3 Implementation and Performance

We implemented and tested our DRAM PUF construction on two popular platforms, the PandaBoard ES Revision B3 and the Intel Galileo Gen 2. The PandaBoard houses a TI OMAP 4460 System-on-Chip (SoC) module that implements 1 GB of DDR2 memory from ELPIDA in a Package-on-Package (PoP) configuration, which operates at 1.2 V. The Intel Galileo has an Intel Quark SoC X1000 SoC with two 128 MB DDR3 from Micron, operating at 1.5 V. The two physical DRAM modules are accessed in parallel and located on the same PCB as the processor.

We implemented two different approaches to query the PUF. The first approach uses a modified firmware in order to obtain PUF measurements during the boot phase.

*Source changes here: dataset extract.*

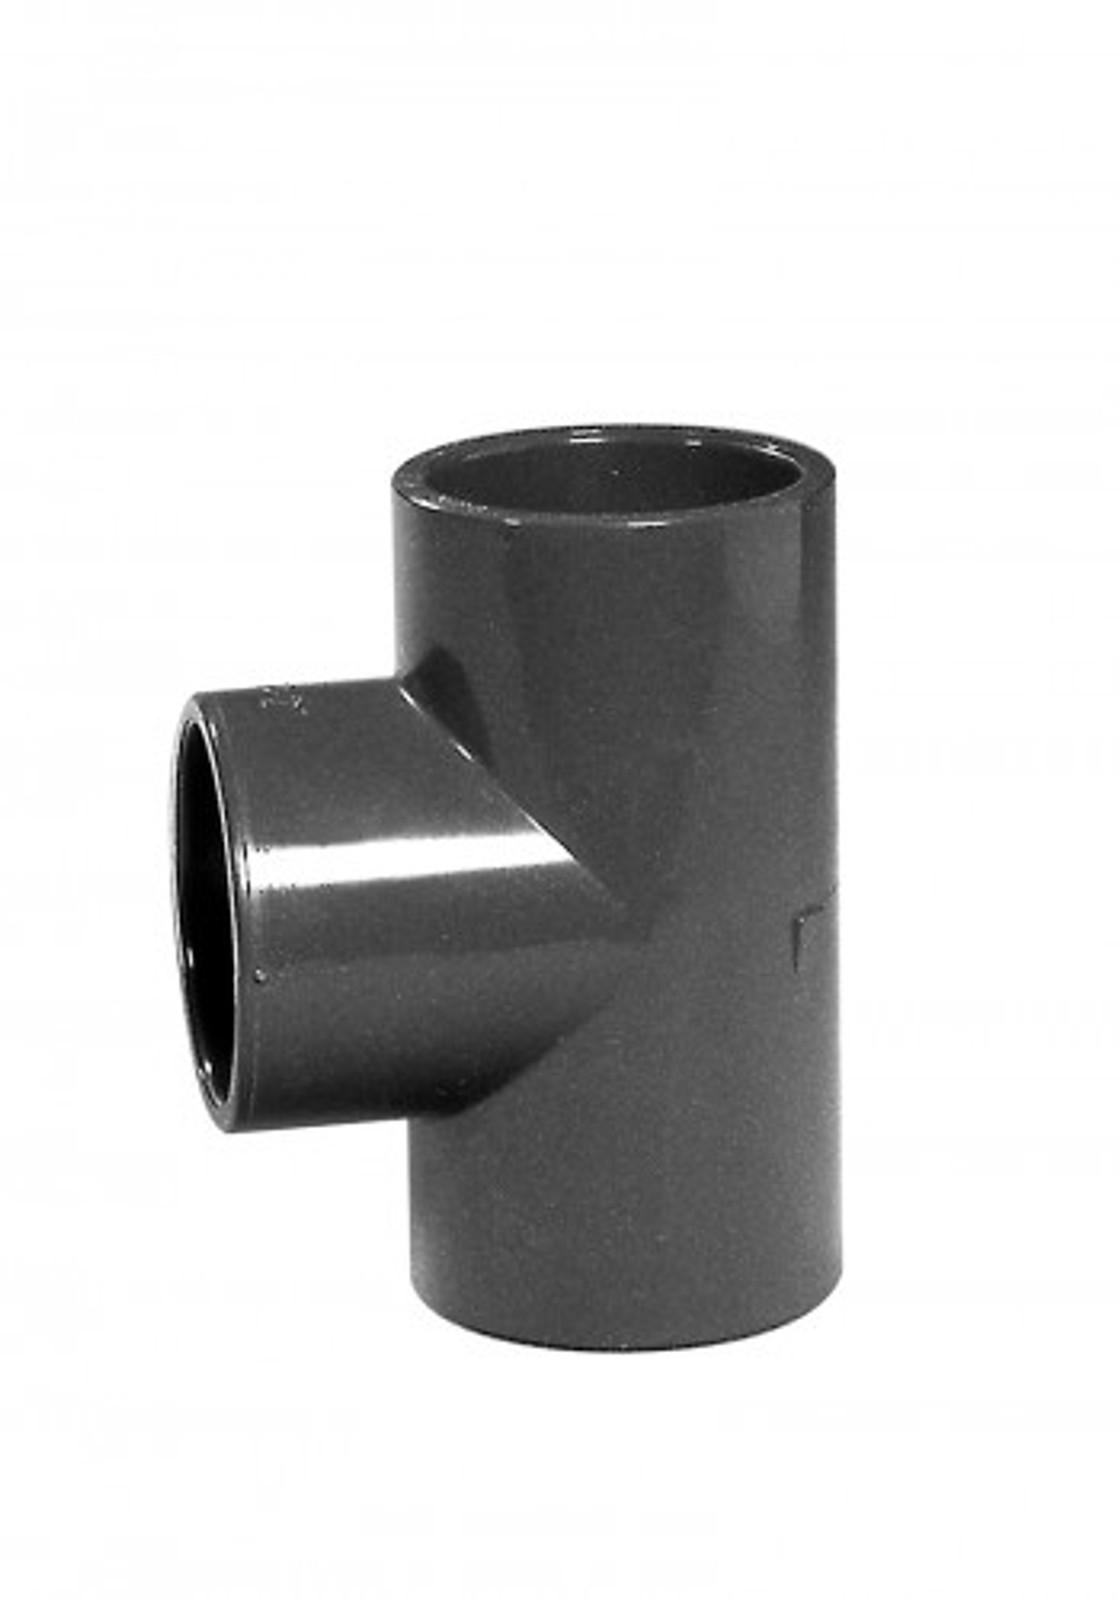 T-Stück 90°, 110 mm aus PVC

Second, we implemented a kernel module-based solution that enables PUF queries during run-time of a Linux operating system. The firmware solution is easy to implement and was used to take most of the measurements from the Intel Galileo. The kernel module-based solution was used for obtaining measurements on the PandaBoard platform and for gathering temperature stability measurements on the Galileo. The kernel module thus also serves as a general proof-of-concept of the run-time accessibility of the proposed DRAM PUF. We present implementation details of both approaches in the following.

3.1 Firmware-Based PUF Access

The firmware is the first code to be executed upon device start. During the DRAM initialization phase, the firmware itself does not require the use of DRAM. This makes it ideal for gathering PUF measurements.

In the case of the Galileo platform, we modified the Quark EDKII firmware. PUF measurement code was inserted just before DRAM refresh is enabled in order to access the PUF, comprising the following steps: writing the initial value (initval) to the specific logical PUF (as defined by addr and size), waiting for the decay time t to elapse, and then reading back the PUF response via the console. After the PUF response is retrieved, normal firmware execution and eventual boot of the OS can resume. The firmware patch consists of about 60 lines of C code. Most of the code implements initializing the PUF parameters and accessing the PUF memory region. The PUF response is read and printed to the console for later analysis.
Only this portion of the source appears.